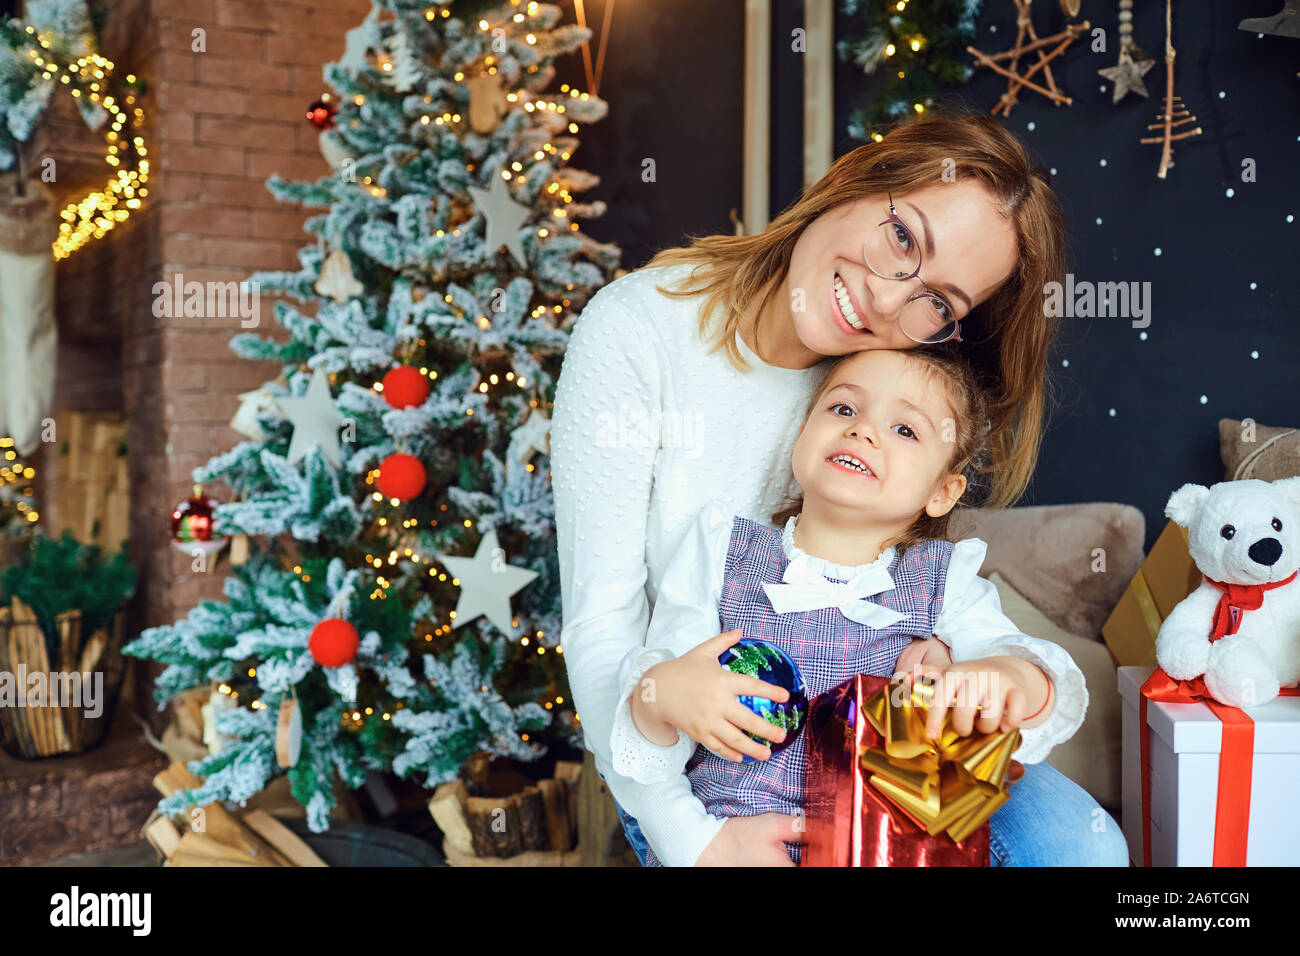 Mother and daughter hugging by the Christmas tree. Stock Photo
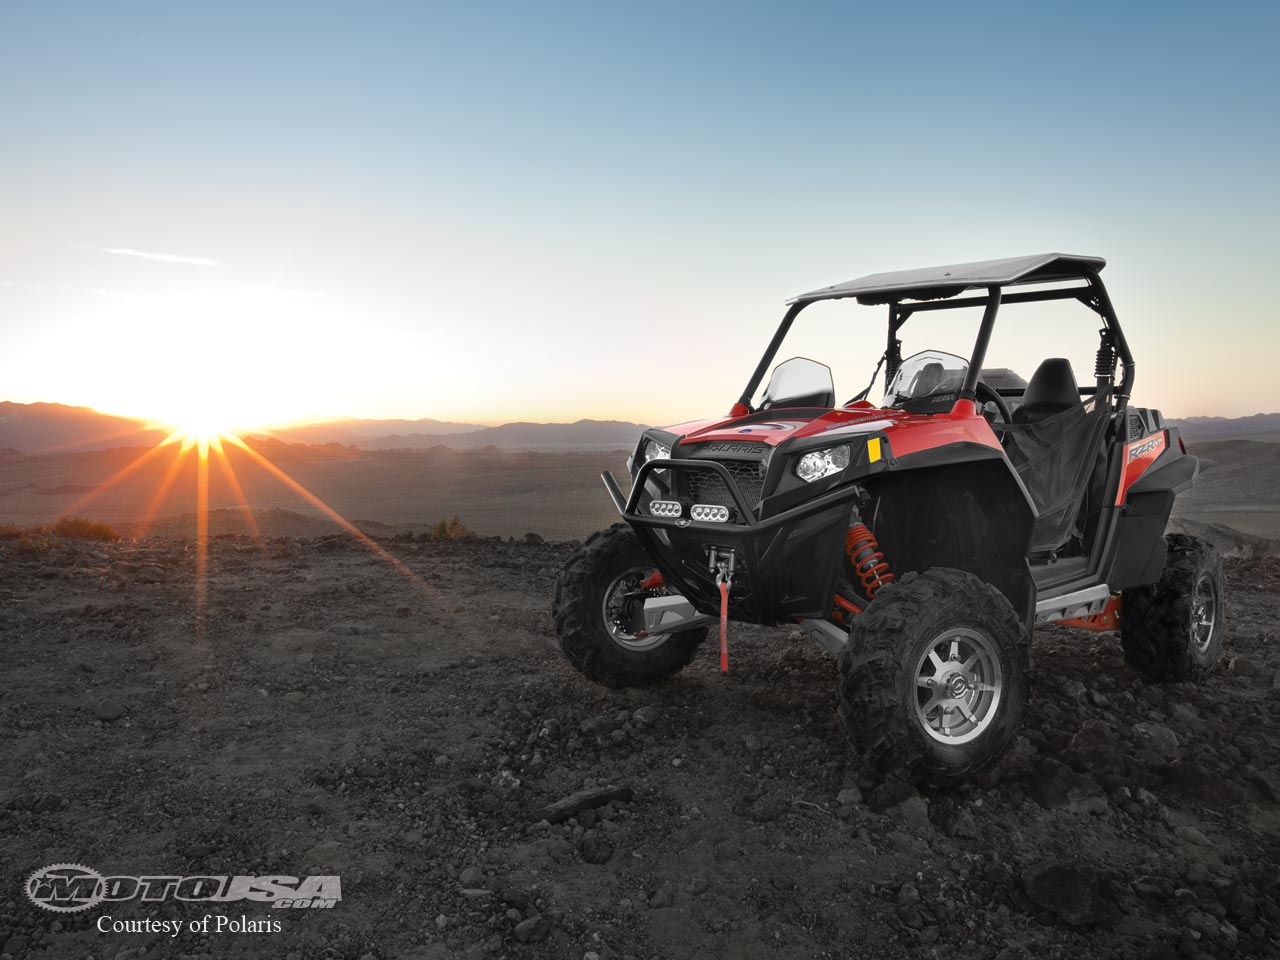 Polaris Ranger Rzr Xp First Look Picture Of Motorcycle
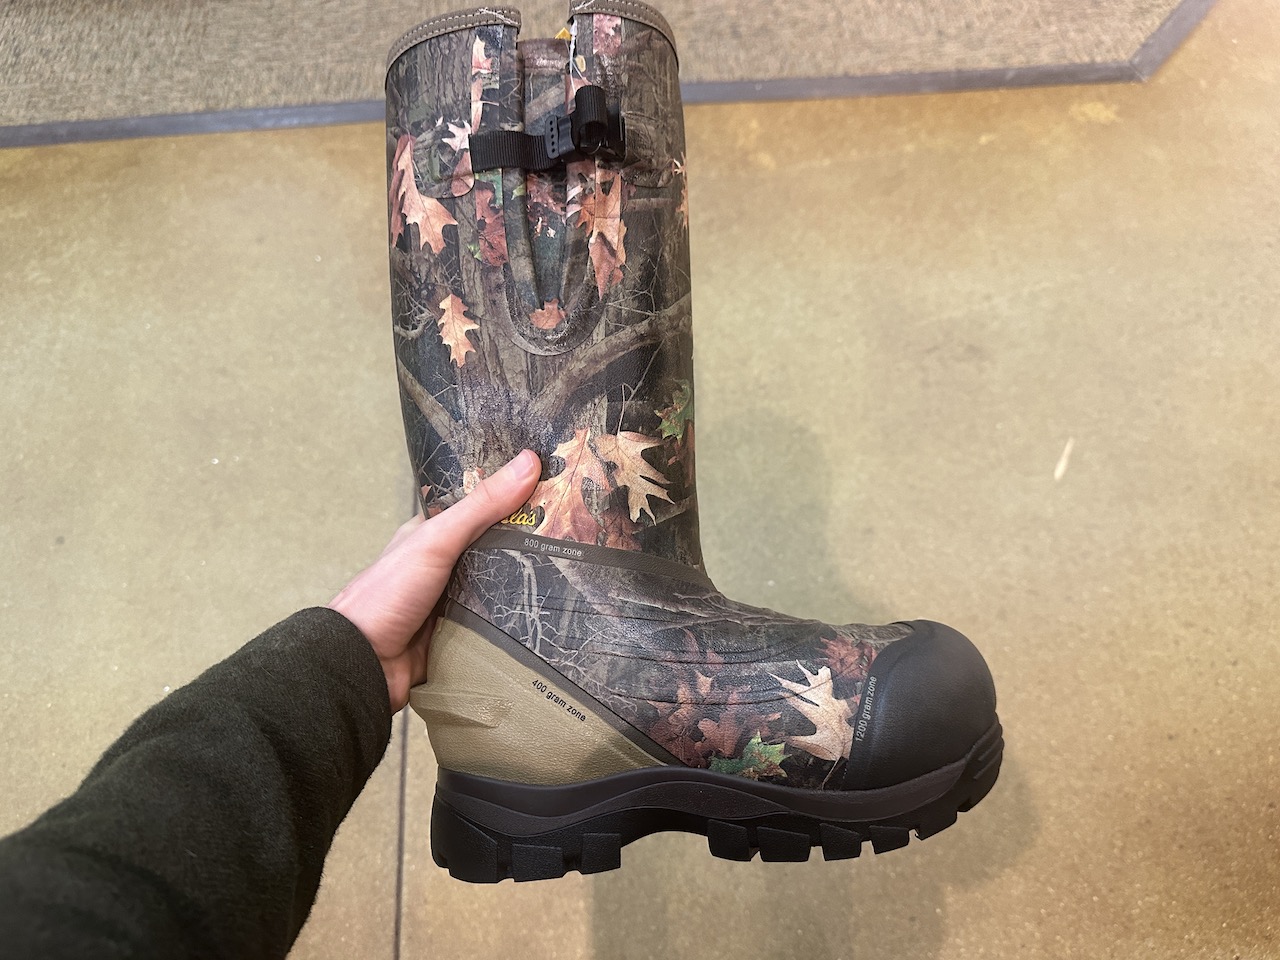 Cabela's Zoned Comfort Trac 1200g Insulated Ice Fishing Boots. Similar to 2000g model.
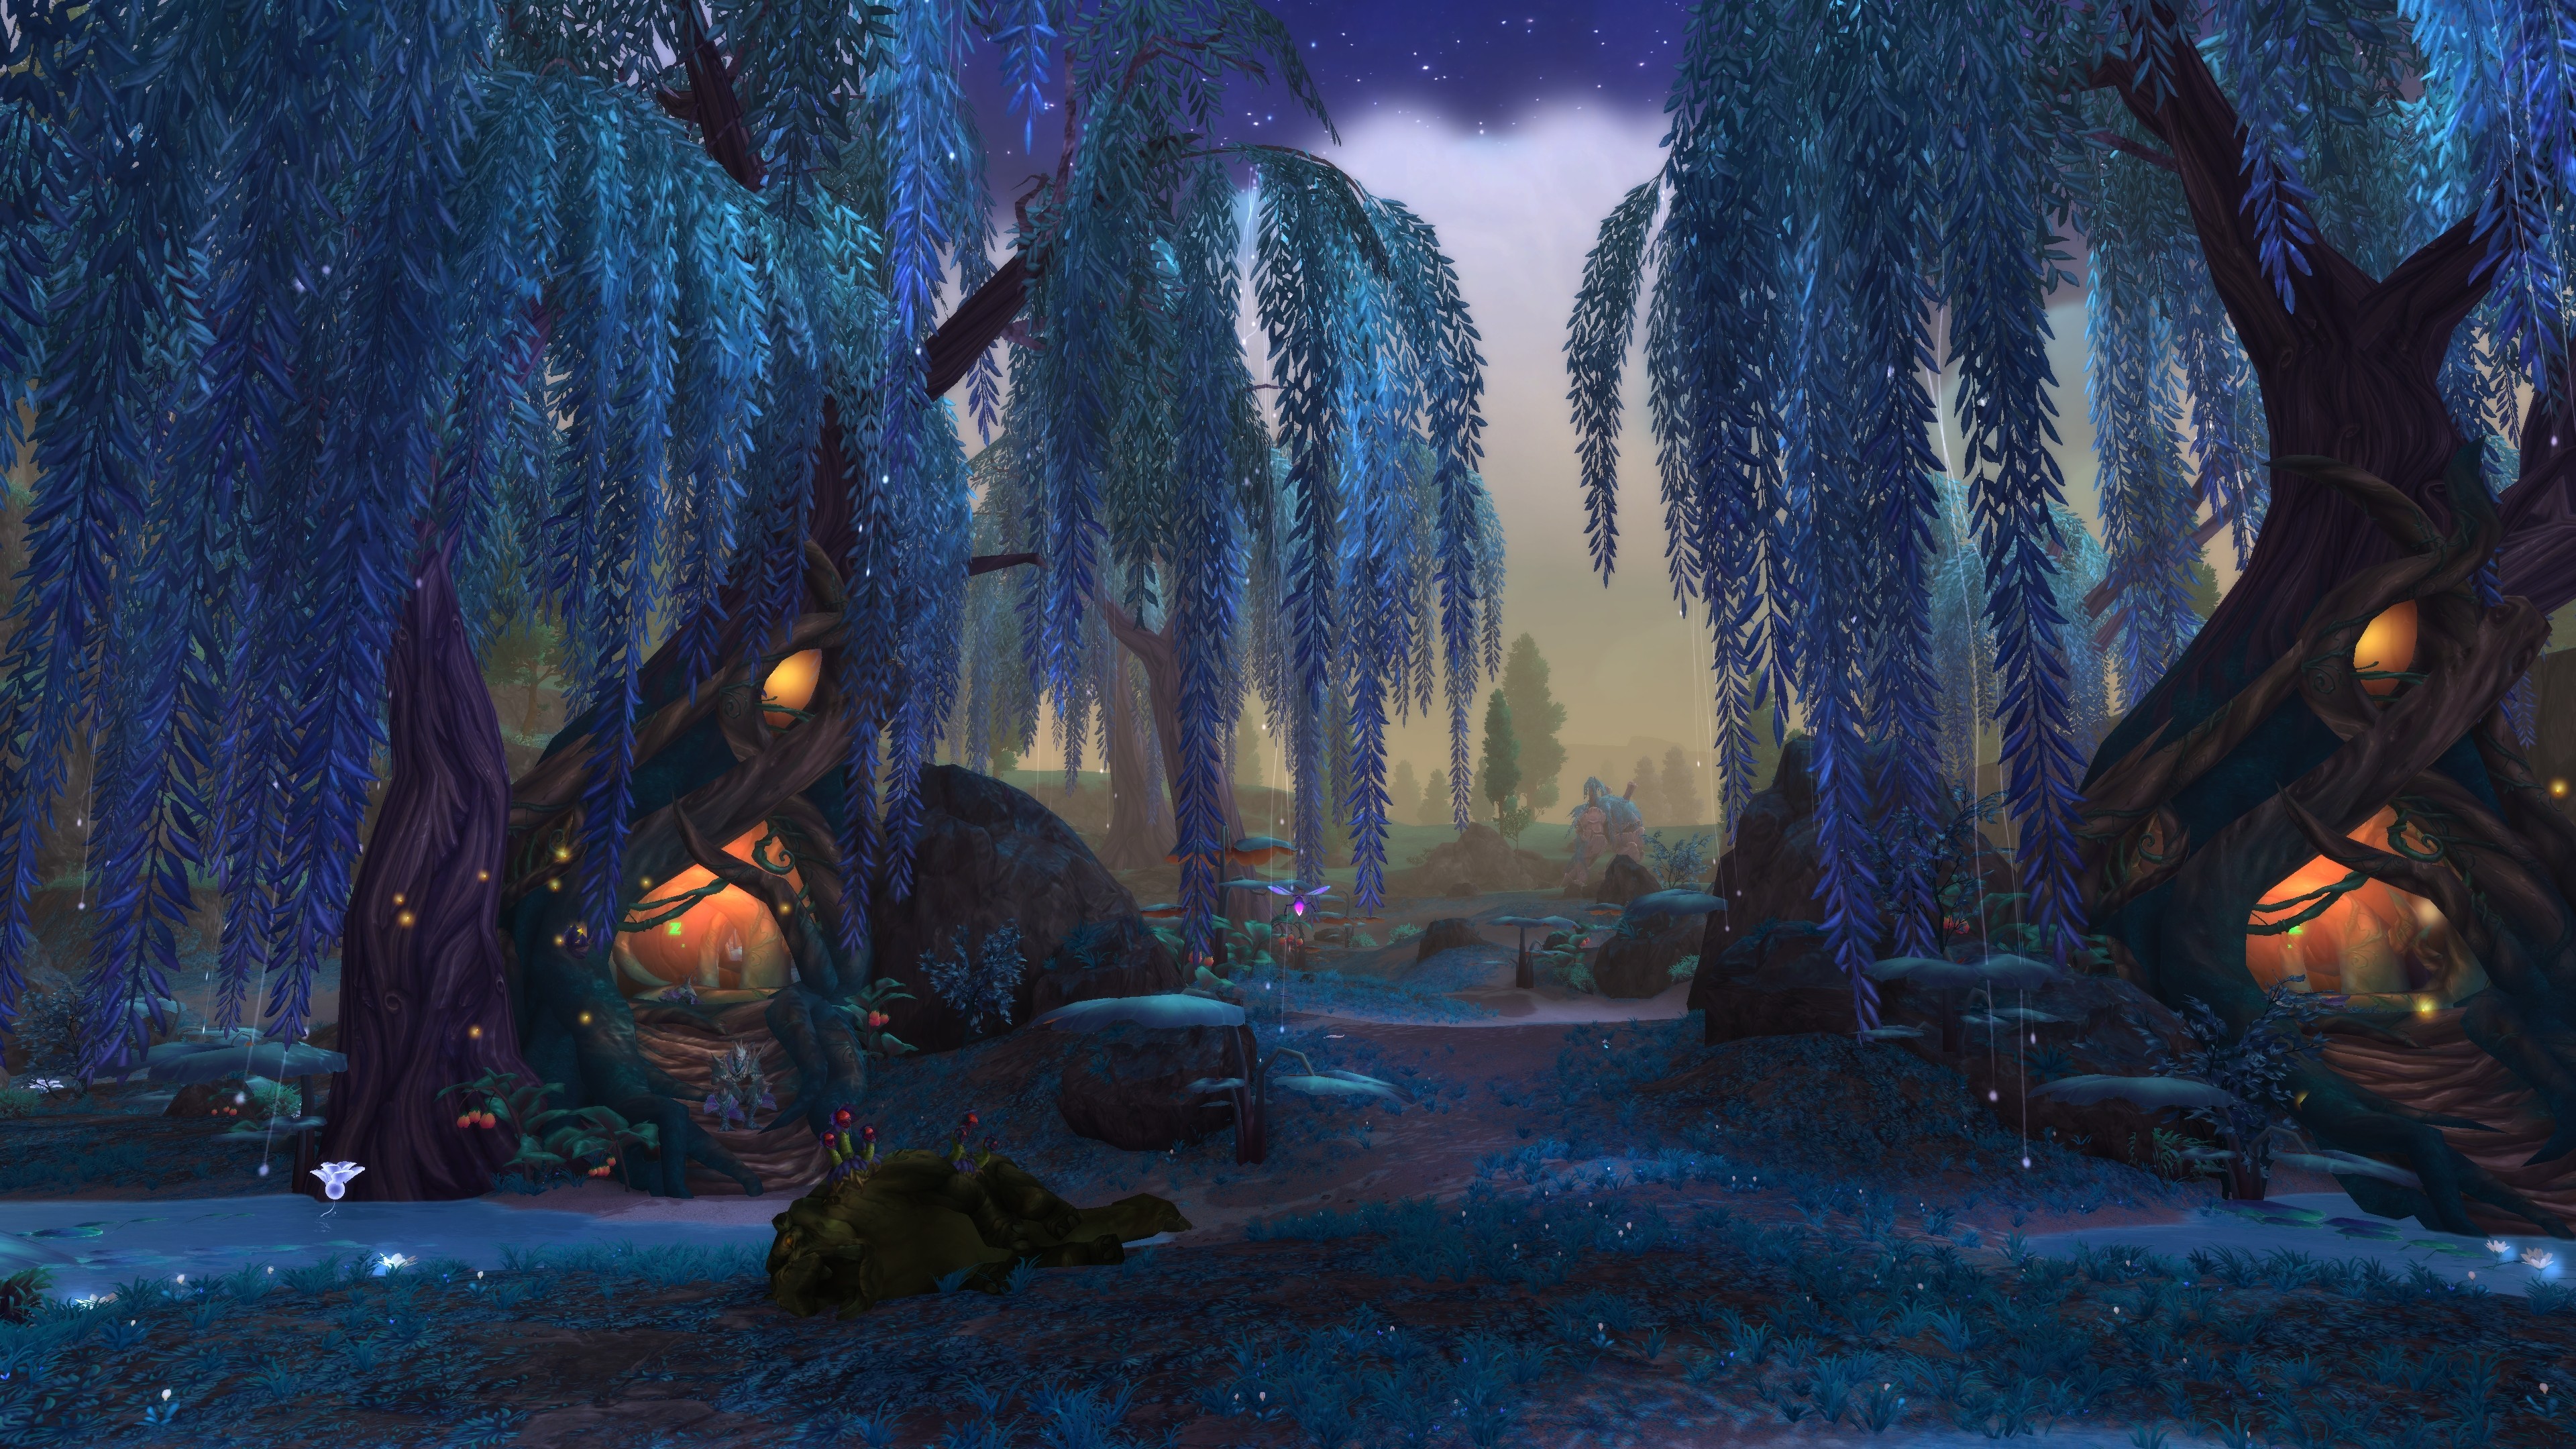 General 3840x2160 World of Warcraft: Warlords of Draenor World of Warcraft video games PC gaming screen shot

● TASK DESCRIPTION: If pictures appear in the data, omit them and copy all other parts exactly.

● EXERCISE ANSWER:
 Mother and daughter hugging by the Christmas tree. Stock Photo
 Polaris Ranger Rzr Xp First Look Picture Of Motorcycle
 Cabela's Zoned Comfort Trac 1200g Insulated Ice Fishing Boots. Similar to 2000g model.
 General 3840x2160 World of Warcraft: Warlords of Draenor World of Warcraft video games PC gaming screen shot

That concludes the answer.